We learn from particle physics and quantum mechanics the basic insight that, in the pursuit of knowledge, the observer affects the outcome. That the kind of question we ask, the way we ask the question affects the answer we get.

That is the punch behind the proverbial story of the two papers. And, that is the gap between two books which appeared in recent years, works which tried to do something very similar to each other, but with vastly different results.

These two books both try to approach the question of who we are, as Jews, both try to tease out the great secrets of Jewish identity. They are almost the same project. Yet, they project what seems like different universes. Even when both books interview the very same person.
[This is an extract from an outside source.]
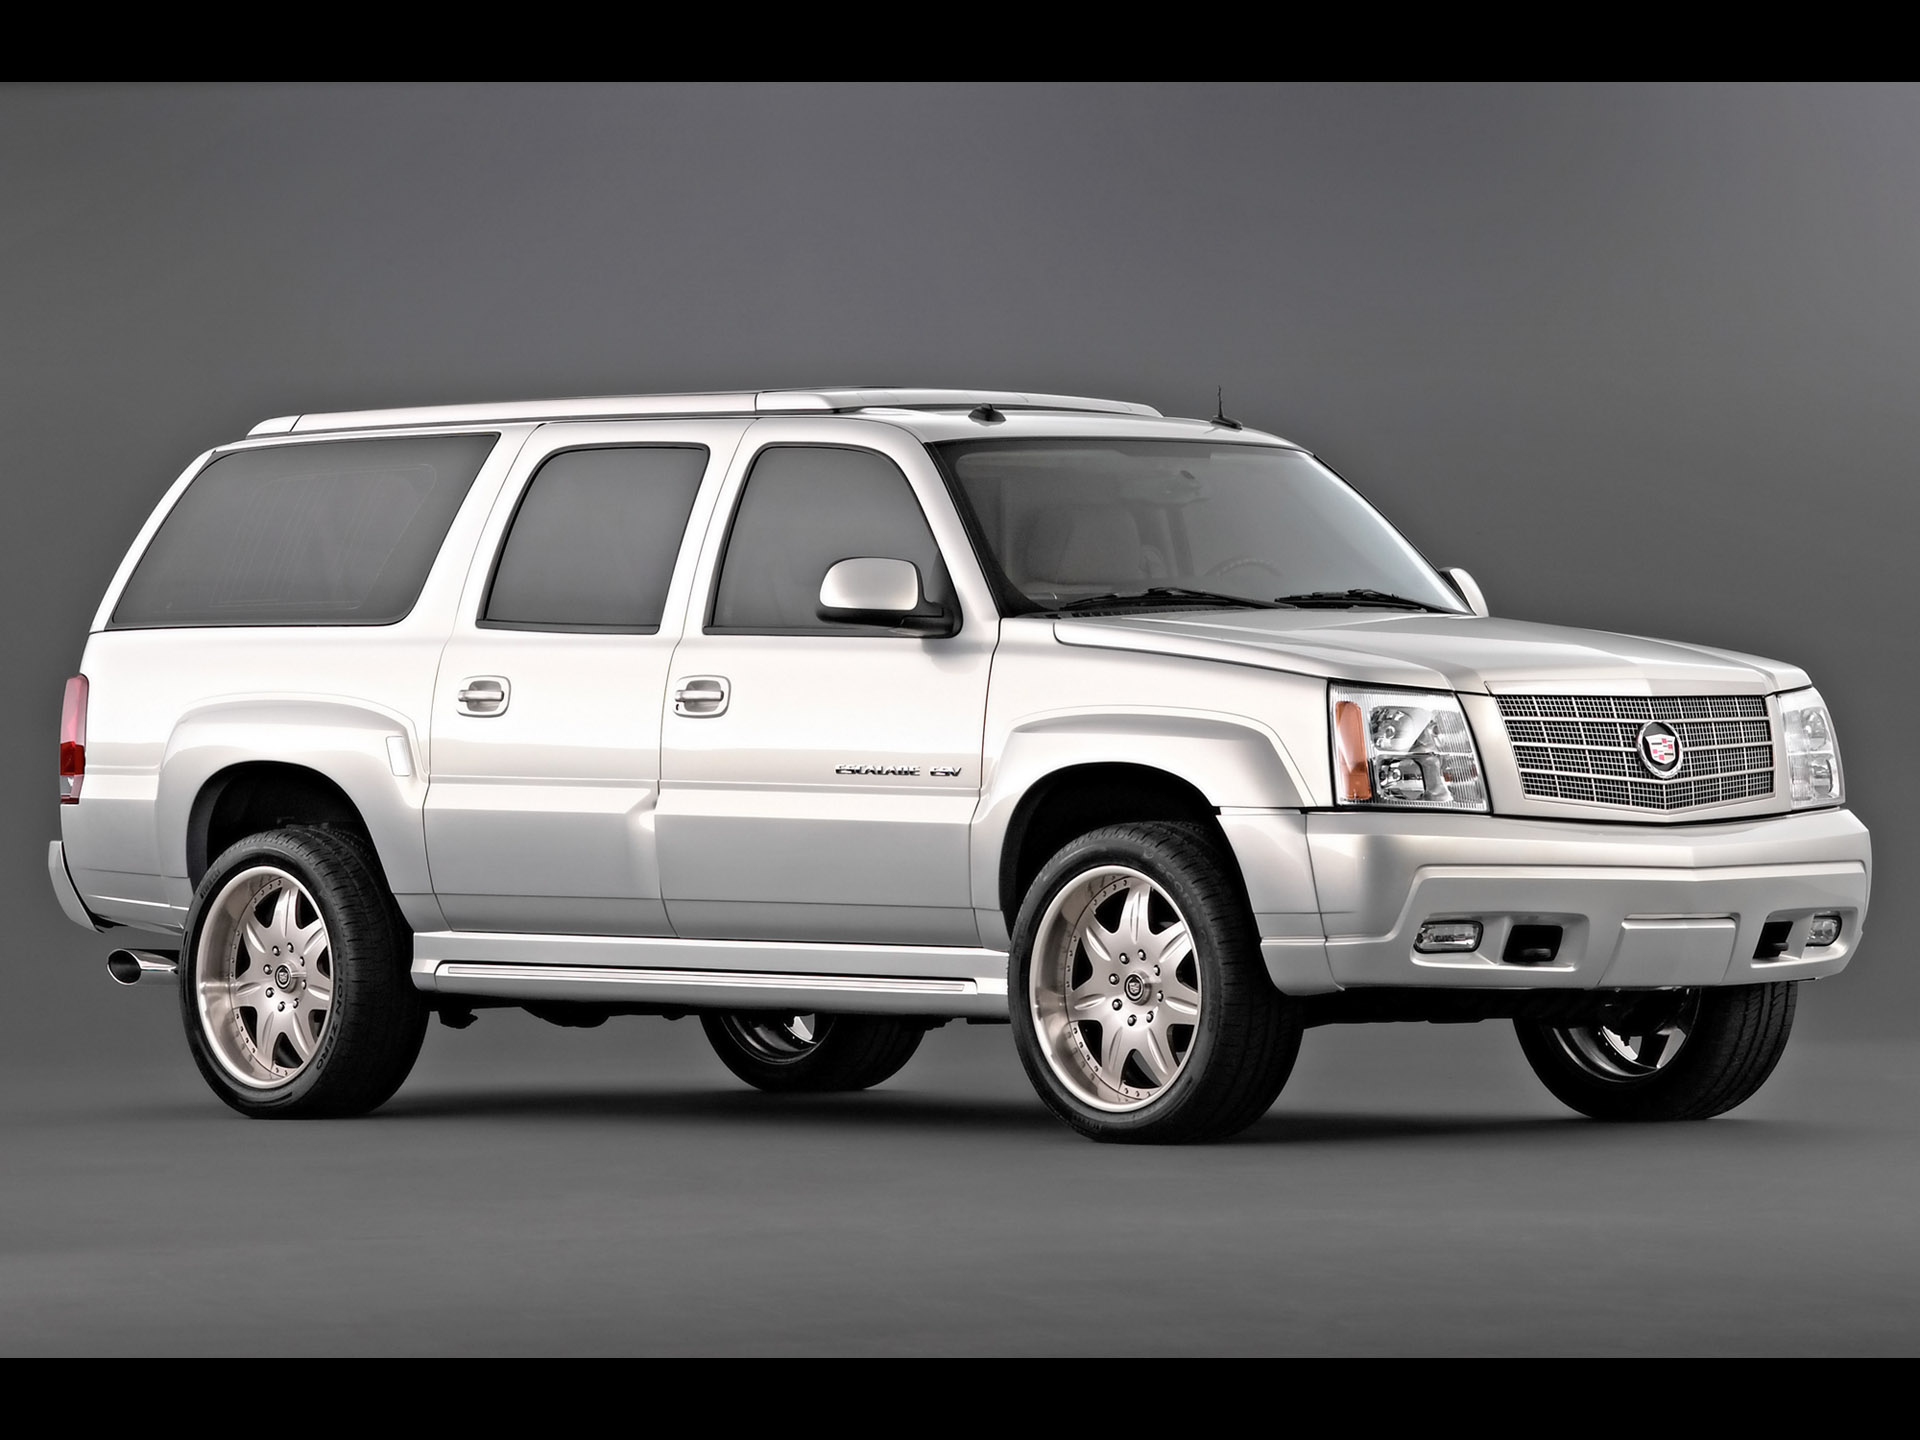 2003 Cadillac Escalade ESV - conceptcarz.com

Jewish identity is one of the slipperiest of subjects, the hardest to define topics that I can think of. After all, why are you here? Or, to put the question another way, why are you here? For some of us it is a matter of faith, for others purely the pull of family. And, there is no single word that can accurately describe Judaism. A religion? But, there are Jews who are atheists. A culture? But, which one? A people? But, you can join, you are welcome to come in. A race? Surely not. There are black Jews and brown ones, yellow and white. A nation? But, our relationship to Israel is complicated albeit close, and we are a global community, living almost all over the world.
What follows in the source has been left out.